The other good thing that has happened in the last couple of years structurally, which is a positive for the Indian market, is that the dependence on foreign investors has gone down. Three years ago, if FIIs had pulled out US$500 million from the market, it would have moved the index and the currency materially. Now domestic buying power has gone up quite significantly, because flows into domestic mutual funds have been very large over the last two years and even more so in the last one year post-demonetisation, so that’s a positive thing. It cushions volatility. Almost $1 billion a month in mutual fund flows is through systematic investment plans which is a steady form of investing small amounts periodically through cycles rather than trying to time the market.
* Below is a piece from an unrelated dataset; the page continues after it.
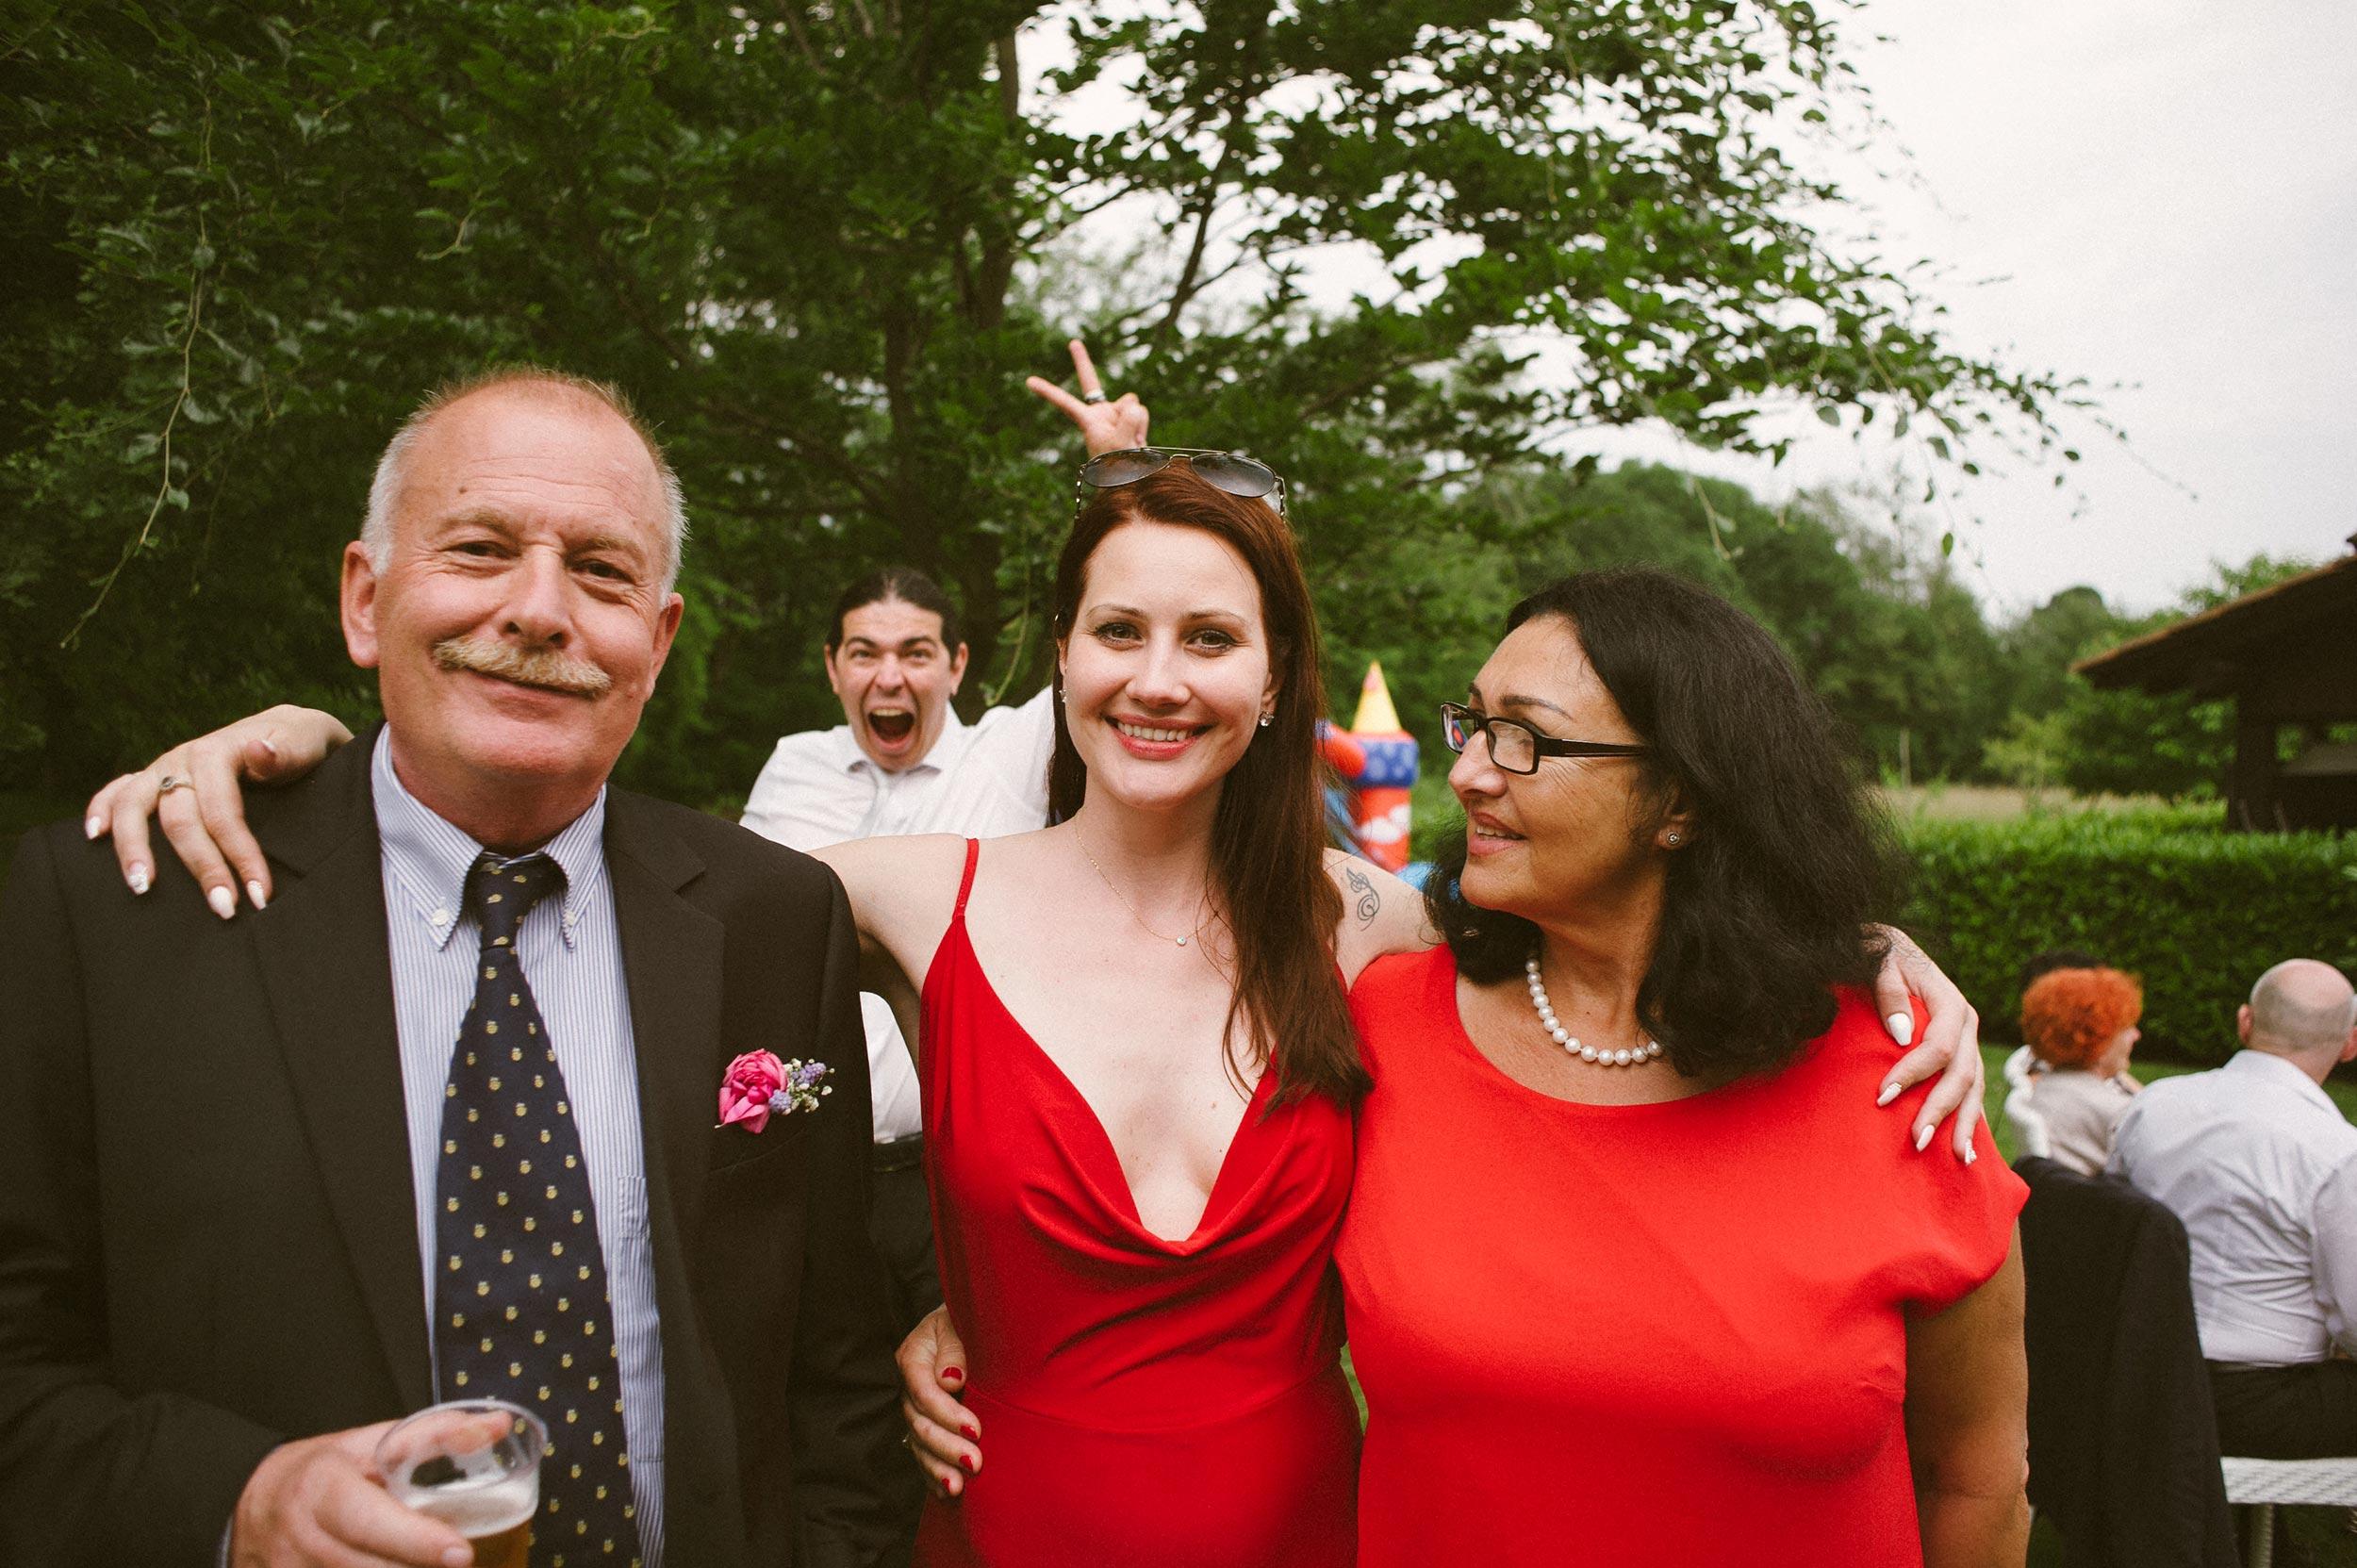 2016-Julius-Silke-Lake-Orta-Wedding-Photographer-Italy-Alessandro-Avenali-95.jpg

My hope is that it continues; we haven’t seen a major correction in the market to test that.

We need to have more quality companies to invest in. Today there are about 1800 companies listed on the NSE. We need to get more quality companies to list, to broaden the availability of investment opportunities. The government could use stable markets to list some of its public-sector undertakings and divest some stake.

The SME landscape is also a very attractive landscape. We have started a dedicated platform for SME listings called NSE Emerge. We’ve got about 120 companies that are now listed on that platform. The pipeline is very strong; I think probably another 40-50 are likely to list in the next six months. Providing access to capital to companies is an important part of our role as an exchange. For SME companies it’s particularly important because access to capital is one of the problems that SMEs have.

Is there much demand for remote participation; are you getting lots of foreign brokers wanting to trade directly on the local market?

VL: Demand for remote participation by foreign brokers wanting to trade directly on the local market, is sporadic and in form of inquiries. 

Local regulations (SCRA, SEBI, Tax) require foreign brokers wanting to trade directly on the local market to have on ground presence (India presence). Hence remote participation is not permitted. In the last decade, over 35 leading foreign brokers have established presence by setting up local legal entities. These entities are registered with SEBI as well as with Indian Tax authorities (PAN card, tax filings etc.); contracts issued by them are subject to local legal jurisdictions.

SEBI and NSE (for brokers who are its members)) have considerably improved the ease of doing business for entities set up in India, by permitting them to provide direct market access (DMA) facilities offshore.